SEOUL, June 19 (Yonhap) -- A 16th-century war diary kept by famous Korean naval hero Yi Sun-sin and archives of South Korea's Saemaul (New Community) Movement in the 1970s have been added to UNESCO's Memory of the World Register, officials said Wednesday.

The designation brings the total number of South Korea's heritage items on the UNESCO list to 11. The list also recognizes the importance of "Hunminjeongeum," the original manuscript of Hangeul, the Korean alphabet.

The war diary, called "Nanjung Ilgi," and "The Archives of Saemaul Undong" received recommendation for addition to the list by the International Advisory Committee (IAC) of the UNESCO Memory of the World, South Korea's Cultural Heritage Administration said.

The decision was made during the 11th session of the IAC that opened in Gwangju, a southwestern South Korean city, on Tuesday and was approved by UNESCO Director-General Irina Bokova.

The Memory of the World program, established in 1992, seeks to protect and record the world's valuable documents and widen public access to them through the Internet.

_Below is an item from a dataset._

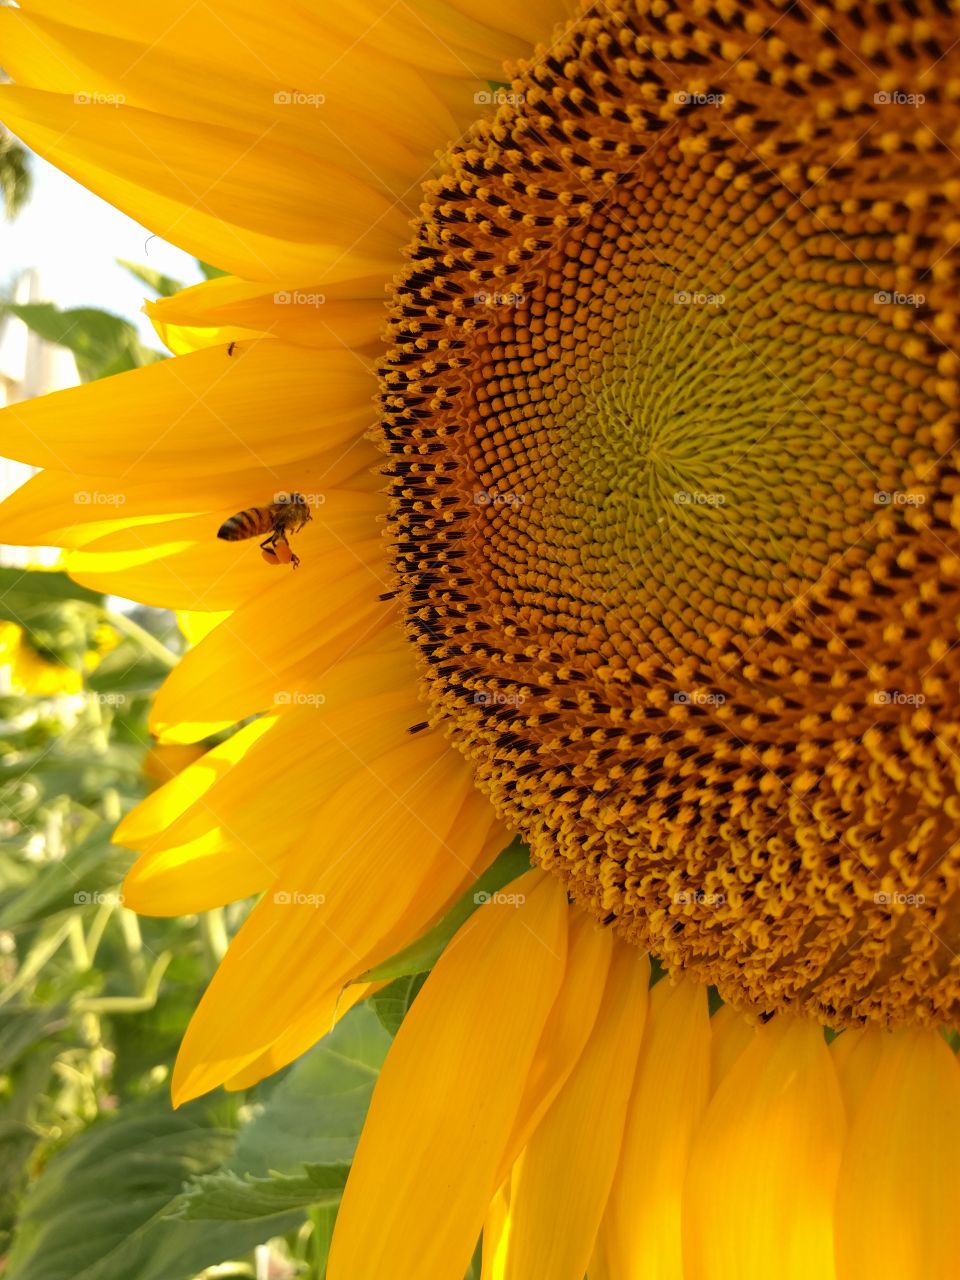 Bee flying near sunflower
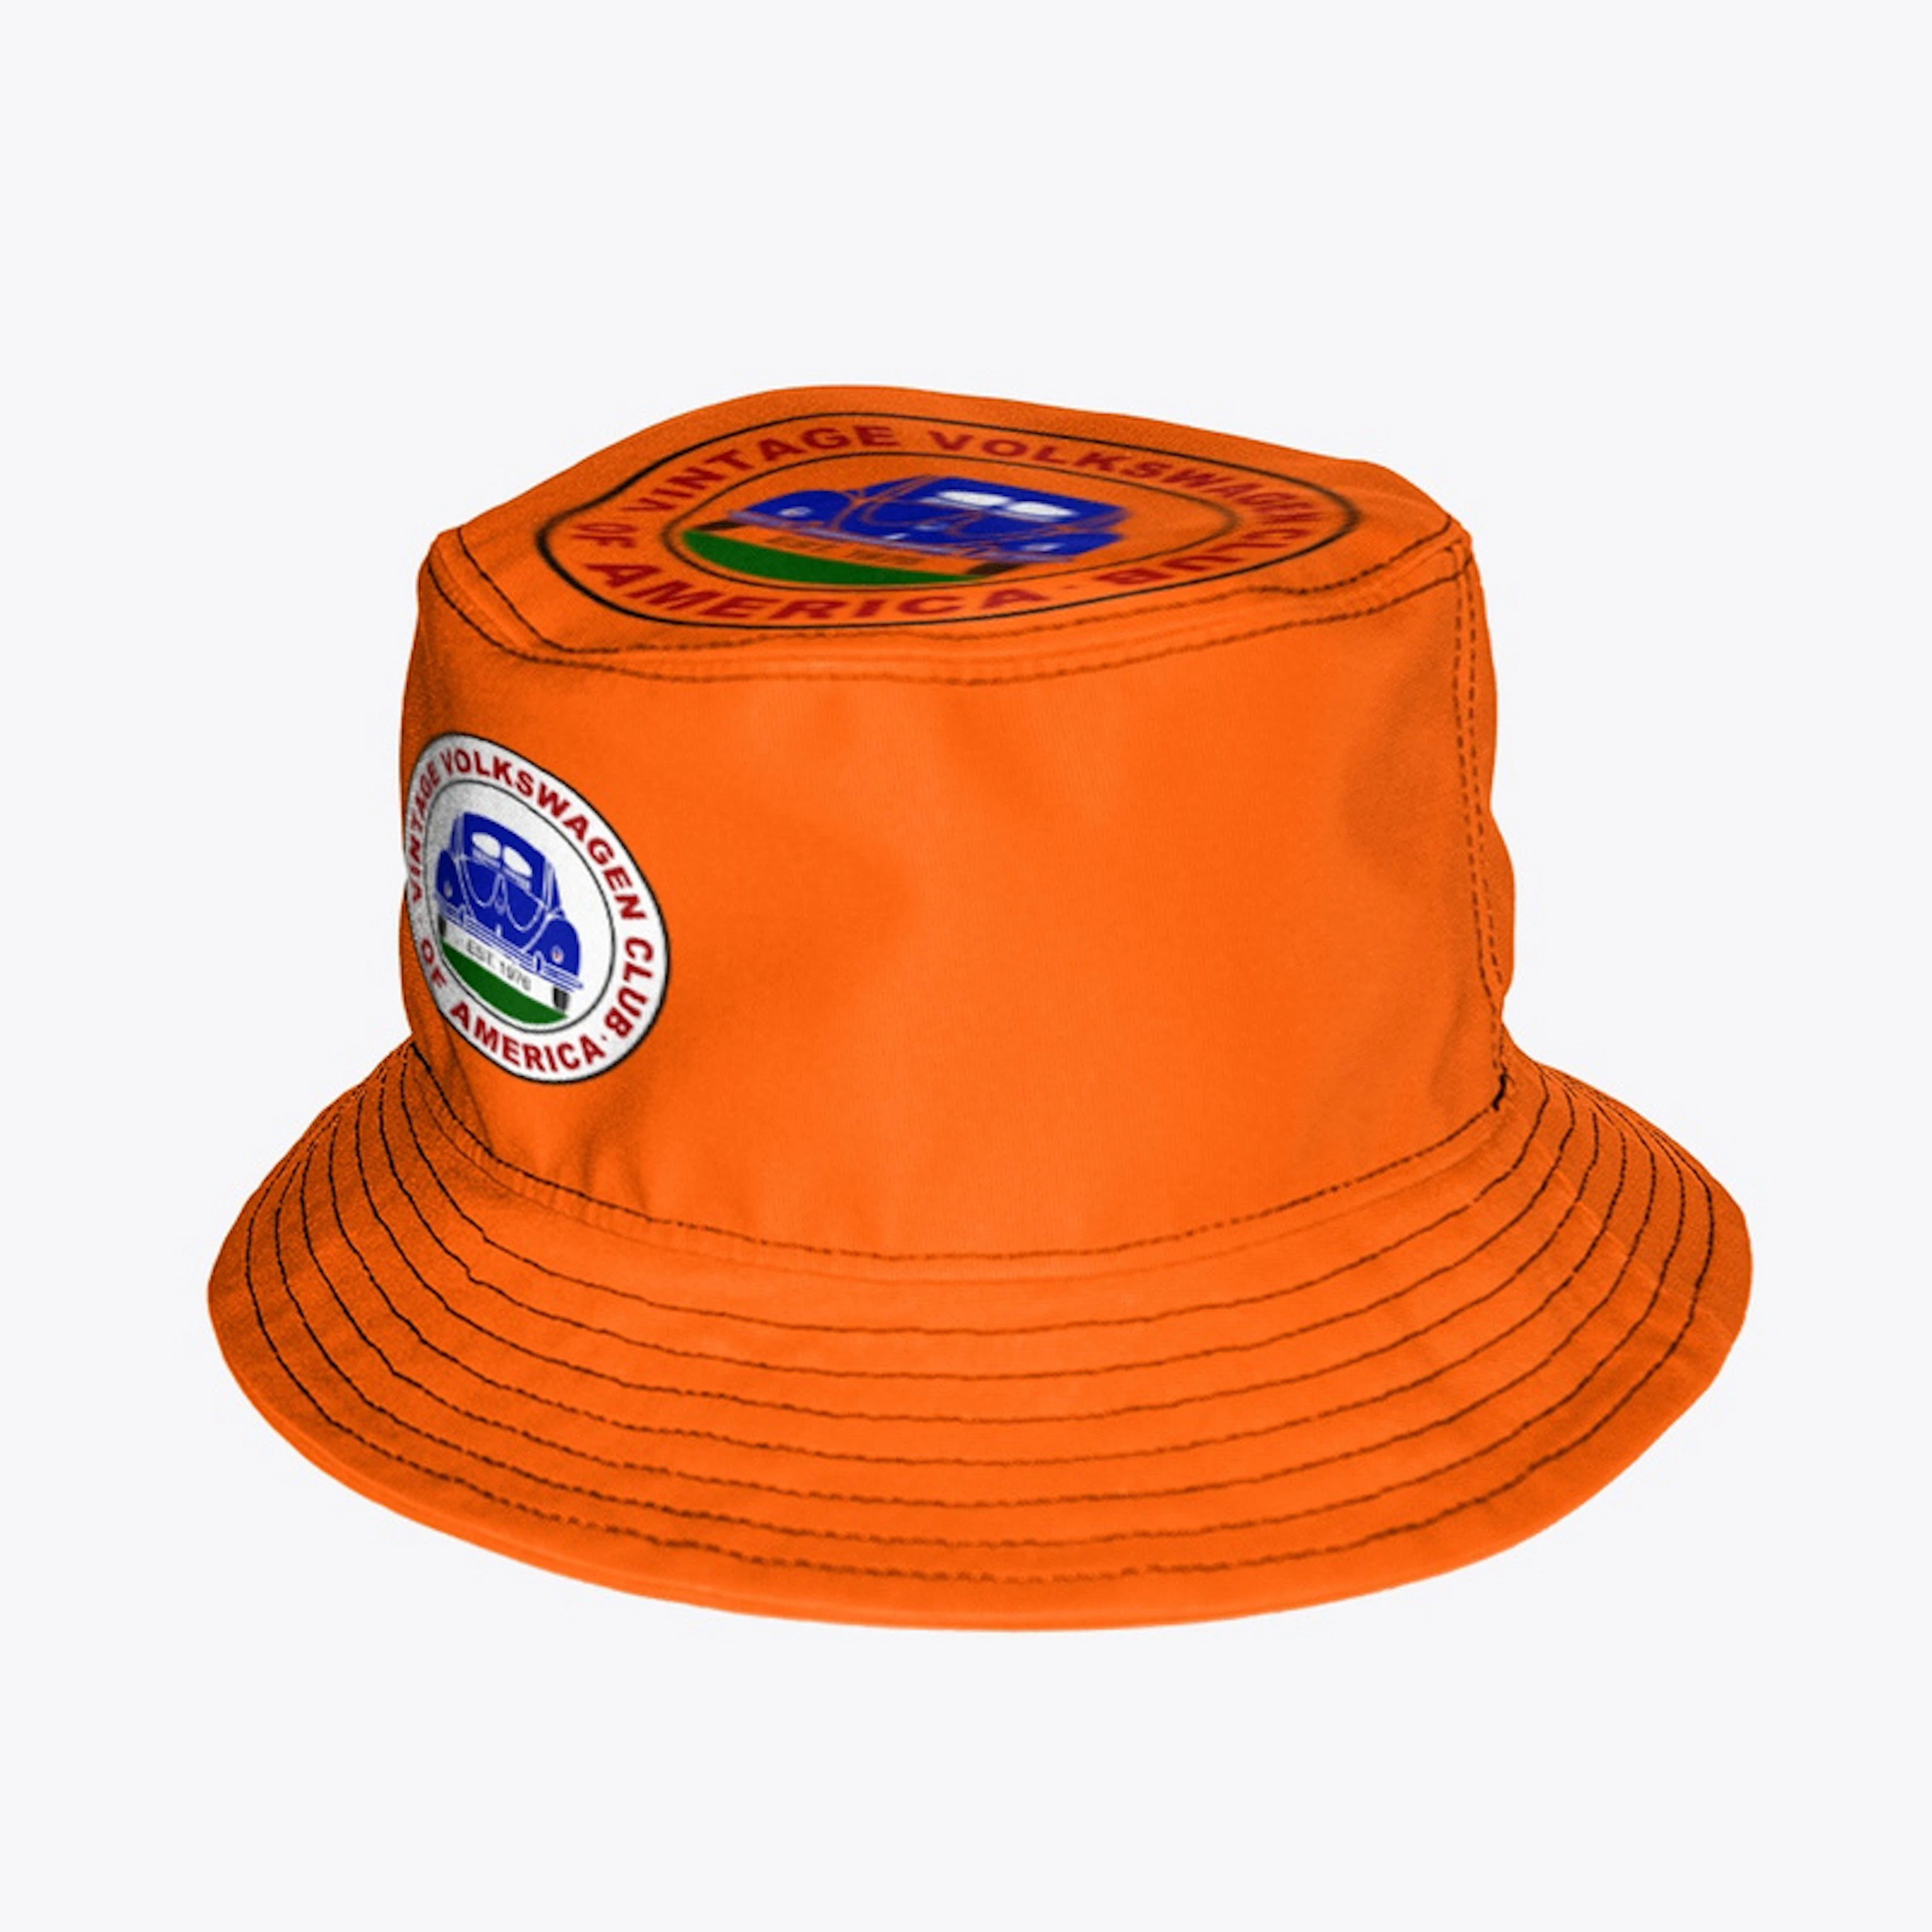 VVWCA bucket hat

The IAC is a committee of experts that pre-examines nominations for the Memory of the World list. The opinion reached at its biennial session has a decisive influence on UNESCO's final choice of nominations.

"Nanjung Ilgi," the country's national treasure No. 76, is Yi's personal diary who wrote it during the Japanese invasion of Korea, known as the Imjin War (1592-1598).

"The diary is without equal in world history as a commander's battlefield accounts. Written as a personal journal, it describes in detail the daily combat situations, the admiral's personal views and feelings, observations on the weather, topographical features of battlefields and the lives of common people," the IAC said.

Launched in 1970 by incumbent president Park Geun-hye's father, then President Park Chung-hee, the government-led movement, which translates as the "new community movement," is credited with helping to modernize the then rural South Korean economy.

The movement became the cornerstone of South Korea's rapid growth from a poor country to one of the world's economic powers and such an experience is a precious asset to the history of mankind, the committee said.

The archives include presidential speeches, government papers, village documents, letters, manuals, photographs and video clips related to the movement.